First Amendment/child pornography.  United States v. Hillie, 289 F. Supp. 3d 188 (D.D.C. 2018).  Criminal cases are not usually my jam, but this one had a First Amendment angle.  Judge Jackson allowed conviction of a defendant for sexual exploitation of a minor and possession of images of a minor engaging in sexually explicit conduct.  On the facts as explicated by the court, that sure seems like it was the defendant's intent: "carefully placing and positioning the camera in hidden locations in J.A.A.'s bedroom and bathroom" and "succeed[ing] in capturing several extended images of J.A.A.'s exposed genitals."  Missing, though, was the express "lasciviousness" required by federal statutes, a fatal flaw for the prosecution, the D.C. Circuit ruled.  14 F.4th 677 (2021).  The defendant relied on statutes, not the First Amendment, but the D.C. Circuit referenced First Amendment case law extensively to support its interpretation of what Congress required.  Despite the substantial latitude to which the government is entitled to prosecute child pornography, beyond the legal constraints of outlawing obscenity as to adults, the appellate court concluded that Judge Jackson erred in permitting the jury to infer the defendant's lascivious objective.  One might expect that social conservatives would side with Judge Jackson on this case. 

Labeled French beef
(by Yuka for Open Food Facts CC BY-SA 3.0)
First Amendment/commercial speech, compelled speech.  Am. Meat Inst. v. U.S. Dept. Agric., 968 F. Supp. 2d 38 (D.D.C. 2013).  This must have been a grilling initiation to the federal bench for Judge Jackson.  A meat industry trade association challenged "country of origin labeling" regulations (truly, "the COOL Rule") promulgated by the Department of Agriculture, on, as one might expect from Big Meat, any legal theory that might stick to the cast iron: namely, the statutory authority of the Agricultural Marketing Act, promulgation under the Administrative Procedure Act, and the First Amendment.  The first two make my eyes glaze over; it's the First Amendment that grabbed me.  Meat and the First Amendment are, of course, long-time frenemies, going back to the heyday of The Jungle, and on through the secret grocery workers of journalism ethics fame.  Then there was the whole pink slime era, and animal-welfare activists came trespassing through to take pictures.  Oh how we laughed until we cried.

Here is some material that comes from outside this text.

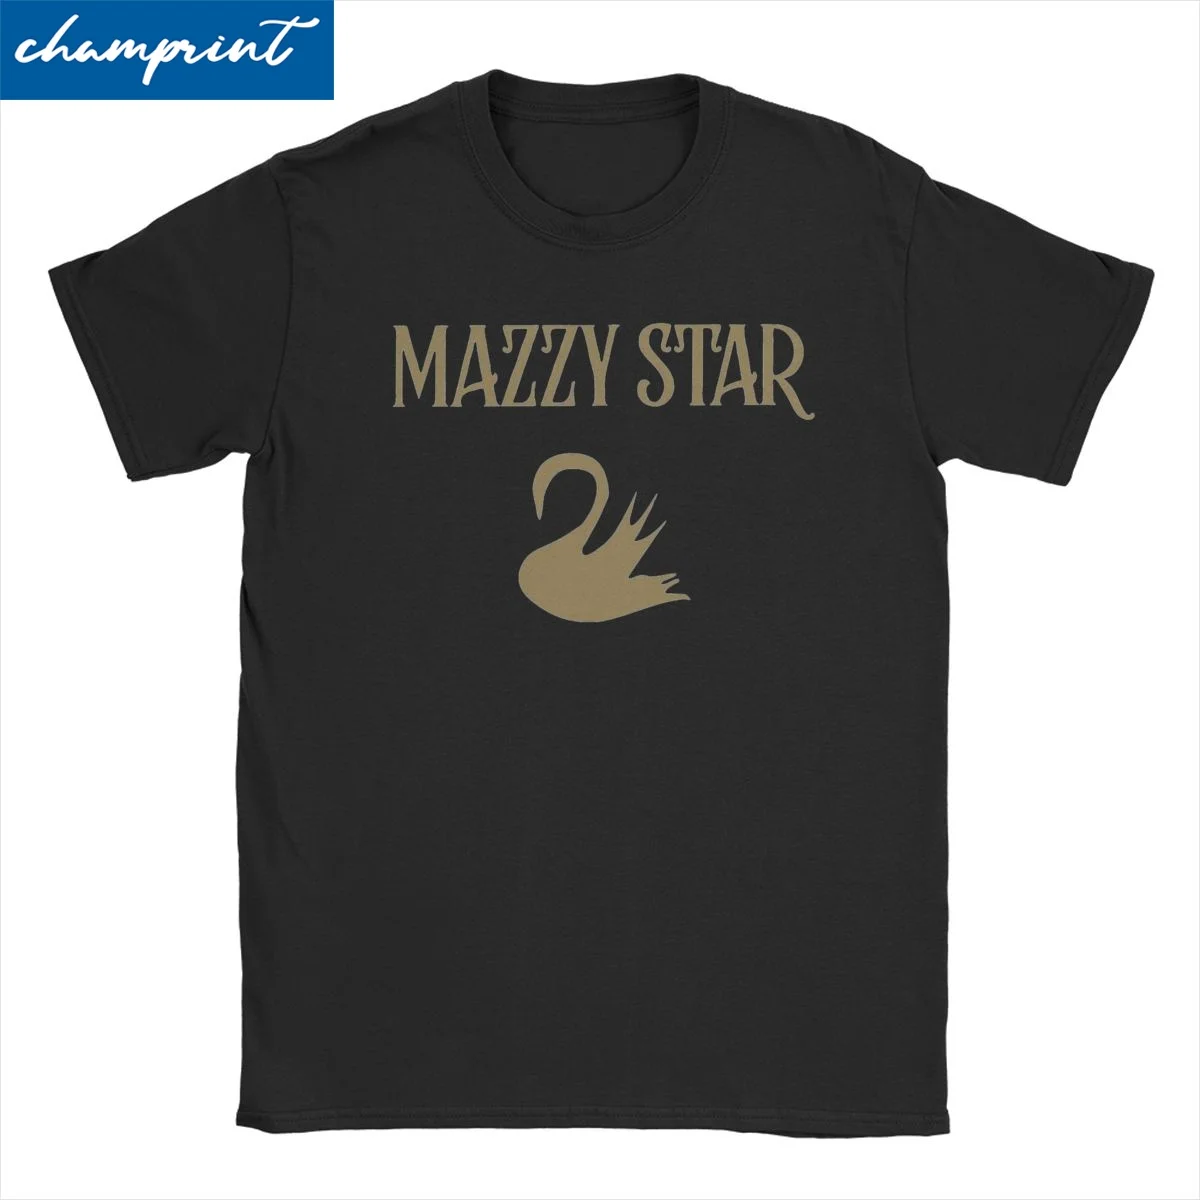 

Футболки Mazzy Star с альтернативной музыкой для мужчин и женщин, хлопковые футболки в стиле панк-рок для отдыха, дизайнерская одежда

Anyway, in this case, Judge Jackson capably explicated the niche case law of compelled commercial speech and charted the fine if squiggly line separating free speech and business regulation.  The risk of deception was more than merely speculative here, she opined, and consumers were demonstrably confused.  Industry mistakenly claimed a burden on its pocketbook, rather than its speech rights, Judge Jackson admonished.  The COOL Rule was reasonable and hardly burdensome for its expectation of truthful and uncontroversial disclosure.  Preliminary injunction was denied.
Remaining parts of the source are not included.